Comme les valses de Vienne que deviennent les mamies…

Il était une fois, un petit garçon de 8 ans très fâché avec la lecture.

François vivait dans une famille bourgeoise de hauts fonctionnaires.
Il était amusant, de bonne compagnie, souriant mais torturé car il ne voulait pas entendre parler de lecture.
Langage très élaboré, il était capable de tenir un long discours avec force circonvolutions, toujours pour vous éloigner du contexte scolaire et faire diversion.
Son aversion pour la lecture et ce qui la touchait de près ou de loin se manifestait par mimiques répulsives qui fronçaient son visage. Front et narines en témoignaient le dégoût.
Ses parents, absorbés par de hautes préoccupations, n’étaient pas très présents, ne se faisaient guère de soucis pour leur enfant au langage savant en apparence.

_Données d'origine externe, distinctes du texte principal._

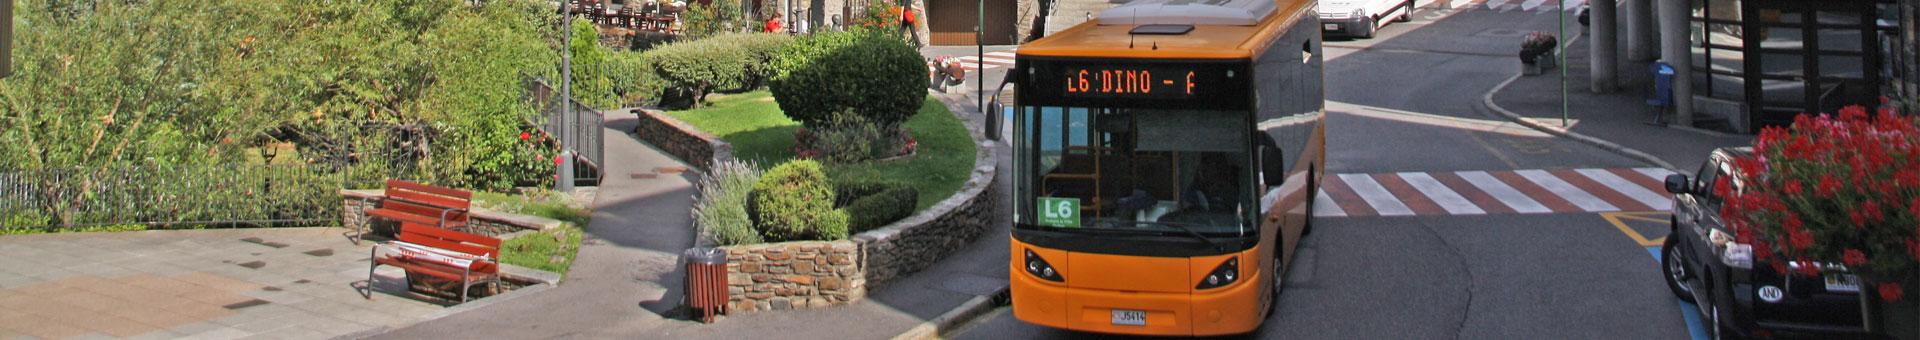 L6 Andorra la Vella – Ordino

L’enfant était capable de soutenir une thèse sur des sujets presque philosophiques.
Il était encadré en permanence par ses deux grands-mères.
Elles jouaient à lui faire classe à longueur de journée et l’instruisaient en lui lisant des encyclopédies.
Silencieux, il absorbait des connaissances, regardait ses aïeules avec un petit sourire narquois.
Elles le nourrissaient de haute culture, très peu de scolaire dont il avait besoin.
Il s’amusait de les voir jouer aux maîtresses en les poussant jusqu’à l’exaspération pour les tourner en bourriques. Constamment pris en étau par ses mamies persuadées de le conduire au sommet du savoir, il se débattait pour échapper à la tenaille.
Elles l’aimaient leur François, l’adoraient, l’idolâtraient presque et voulaient en faire le plus beau fleuron de la famille.
Elles ignoraient que le marionnettiste c’était lui et elles les marionnettes. Dans leur naïveté profonde, elles avaient perdu toute lucidité.
Notre François, entre névrose et rébellion, il avait choisi la névrose. La fuite en avant…*

En le regardant évoluer presque avec distance en prenant du recul, un recul de refus, j’ai pensé à Montaigne.

Son regard bleu et franc gardait un fond de méfiance, cherchant à faire le tri dans tout ce que je disais, scrutant sur mon visage le moindre signe révélateur d’une approche scolaire.
Les mains gourdes, il scribouillait, l’esprit à sauts et à gambades, François n’arrêtait pas de cabrioler, de se rouler inlassablement dans les digressions.
Il était incapable de tenir le cap sur un but précis, de mener un objectif à son terme. En cheminant, il perdait le fil conducteur, sautait du train en marche de sorte que la ligne AB n’était ni rectiligne ni courbe ni brisée ni même en pointillés. Il partait bien de A par la force des choses mais la bifurcation le conduisait toujours ailleurs, ou à côté pour regarder les autres passer…
Il s’attardait sur un quai ou en rase campagne sans jamais approcher la destination.

Lorsque je pointais ses égarements, il faisait diversion :
– Elle est belle ta salle. Tu es locataire ou propriétaire ? Me soufflait-il.

Son intérêt de courte durée pour les choses scolaires me condamnait à procéder par doses homéopathiques et désensibilisations savamment administrées.
De temps en temps, je lui présentais un texte plus long afin de mesurer le degré de ses réactions répulsives visibles sur son nez qu’il avait pris l’habitude de froncer plus ou moins longtemps, avec des plis plus ou moins prononcés. De la sorte, je savais instantanément s’il fallait lui retirer immédiatement le texte de la vue ou insister un peu pour tenter l’aventure. En effet, la durée d’un effort était pour lui une trop grande aventure. Il préférait errer, musarder ici ou là du côté de son plaisir immédiat plutôt que s’astreindre à suivre un long parcours dont l’intérêt ne lui était pas de suite évident.
– J’aime pas les gros livres. T’as pas le « Chat botté » par hasard ?
– Oui, viens voir.
– T’as pas plus p’tit ?
– Non, Chat botté, c’est le seul.
– T’inquiète, c’est pas grave, je l’ai à la maison.

François avait pris l’habitude de rassurer les adultes, parfois de relativiser et si Montaigne, le vrai, aurait pu dire « Je doute donc je suis ».
Montaigne le nôtre, pensait sans doute : « Je déroute donc je suis ». 

Dites-moi, que deviennent, que deviennent… que reviennent les mamies ?

Dommage, je ne connais pas la suite de l’histoire.
J’aurais bien aimé savoir ce qu’il est devenu, il me ressemblait tant lorsque j’avais son âge.
Je menais un pareil combat de résistant à la lecture mais je n’avais pas les mêmes soutiens…
Je me débattais, me construisais tout seul.

*Fuite en avant : En psychologie, c’est fuir les problèmes sans jamais chercher à les résoudre.